Около месяца назад, несмотря на прирожденную осторожность, он рассказал Элизабет о своих планах и о письме, которое написал под руководством мистера Робинсона лорду-казначею, мистеру Уильяму Питту. Джордж даже показал жене копию письма, и фразы до сих пор звучали у нее в голове: «...я уладил эти вопросы в графстве Корнуолл и объяснил мистеру Джону Робинсону, что это можно использовать в интересах правительства. Именно этим я постоянно и занимаюсь, как буду делать и впредь. Я мог бы выступить в поддержку Ваших интересов, если в этом возникнет нужда. Перед началом сессии парламента мне хотелось бы иметь честь присутствовать на аудиенции с Вами, когда Вам будет угодно, чтобы обговорить всё в деталях...».

Аудиенция так и не состоялась, но Робинсон заверил Джорджа, что всё в силе, и тот сказал Элизабет, что, хотя нельзя ожидать вульгарного обмена quid pro quo [17], но Питту дали понять: дворянство для мистера Уорлеггана было бы самой желанной ответной благосклонностью за его поддержку.

Эта мысль привела обоих в восторг. Для Джорджа посвящение в рыцари было еще и психологическим символом. Если бы он стал сэром Джорджем, его чаша наполнилась бы до краев. Через пару лет он мог бы даже получить титул баронета, чтобы сохранить его для потомков. Элизабет была бы счастлива стать леди Уорлегган. Разумеется, собственное происхождение имело для нее куда большее значение, чем любой титул. По традиции Чайноветы, даже самая высокородная часть семьи, на протяжении тысячи лет были землевладельцами и выдающимися джентльменами, но не имели титула. Однако после брака с Джорджем Элизабет сознавала, что в глазах общества совершила мезальянс. Теперь всё можно было исправить.

И она уверилась, что титул и новый малыш сделают их брак как никогда крепким. Она еще красива, в особенности если сделать прическу, как на приеме в честь открытия парламента. Времени осталось не так много, как в тот день, когда Джордж разговаривал с ней в гостиной Тренвита, но всё еще есть.

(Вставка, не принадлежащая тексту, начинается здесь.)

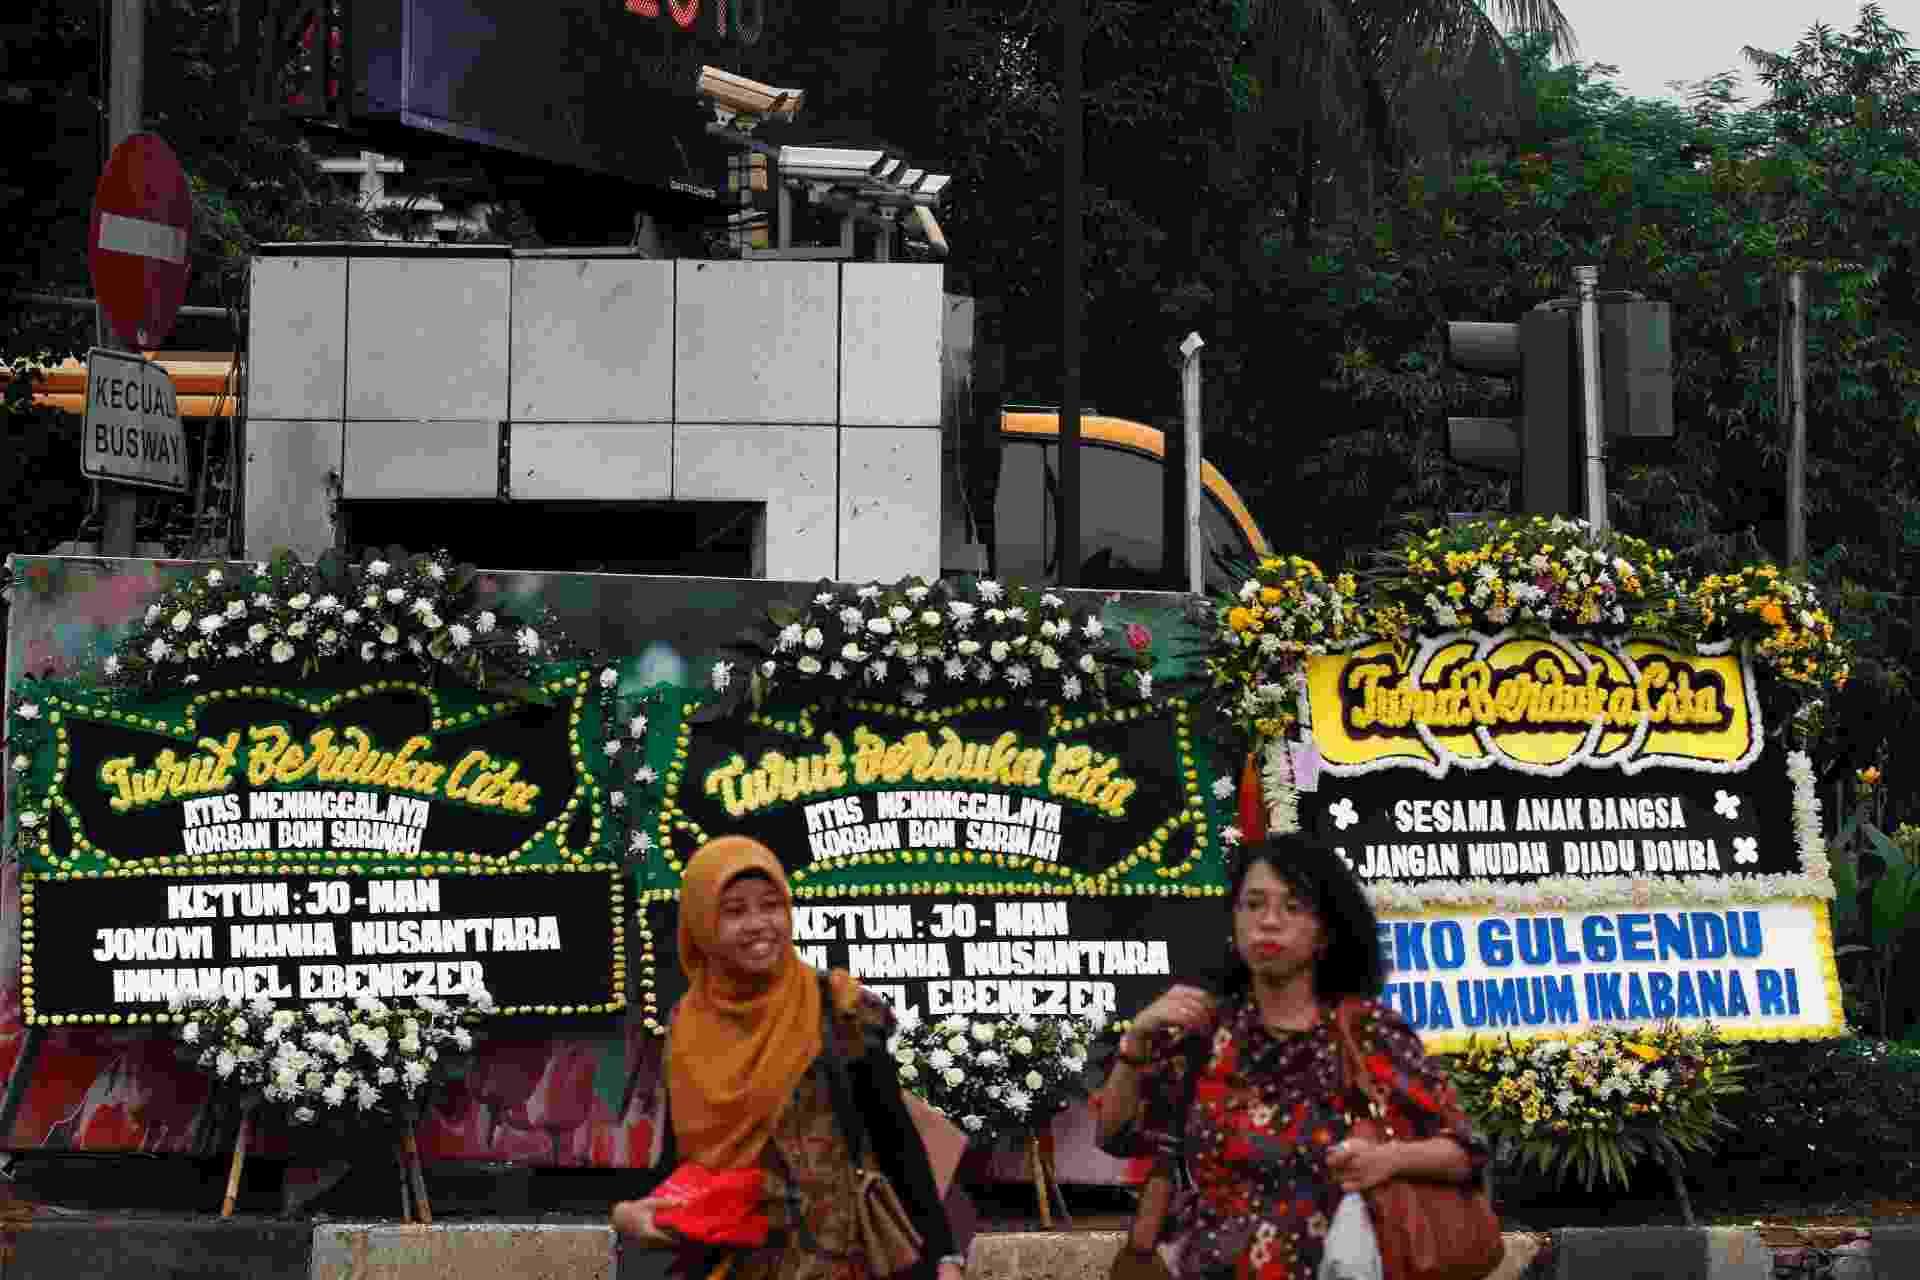 15.jan.2016 - Indonésias passam diante de homenagens florais instaladas no local dos ataques realizados ontem por terroristas no centro de Jacarta (Indonésia). A Austrália ofereceu apoio militar à Indonésia após o ataque que deixou dois civis e cinco terroristas mortos. Nesta sexta-feira, três pessoas foram detidas suspeitas de envolvimento no ataque - Roni-Bintang/Efe

Всё складывалось наилучшим образом, она просыпалась утром с ожиданием приятного дня, а ложилась спать, строя чудесные планы на будущее.

И во мгновение ока всё пропало. Больше ничто не было радостным и чудесным. Бездумное восклицание сына отравило их жизнь до самых глубин. Они снова вернулись к тому положению, как три года назад, когда подозрения и недоверие привели к бурной ссоре. Стало даже хуже, потому что потерять можно было больше, и больше стало потерь. Всё, что они теперь делали, каждый вздох был отравлен.

Этим объяснялся и ее сегодняшний визит. То Элизабет считала себя безумной, раз могла о таком размышлять, но в следующий миг это казалось ей единственным возможным выходом.

Она расплатилась с носильщиком и накинула на лицо вуаль. Ее поприветствовал тощий еврейский мальчишка в черном шелковом сюртуке и панталонах. Она назвала свое имя — миссис Табб — и вошла в дом. После трехминутного ожидания в приемной ее провели в следующую комнату, и доктор Ансельм встал, чтобы с ней поздороваться.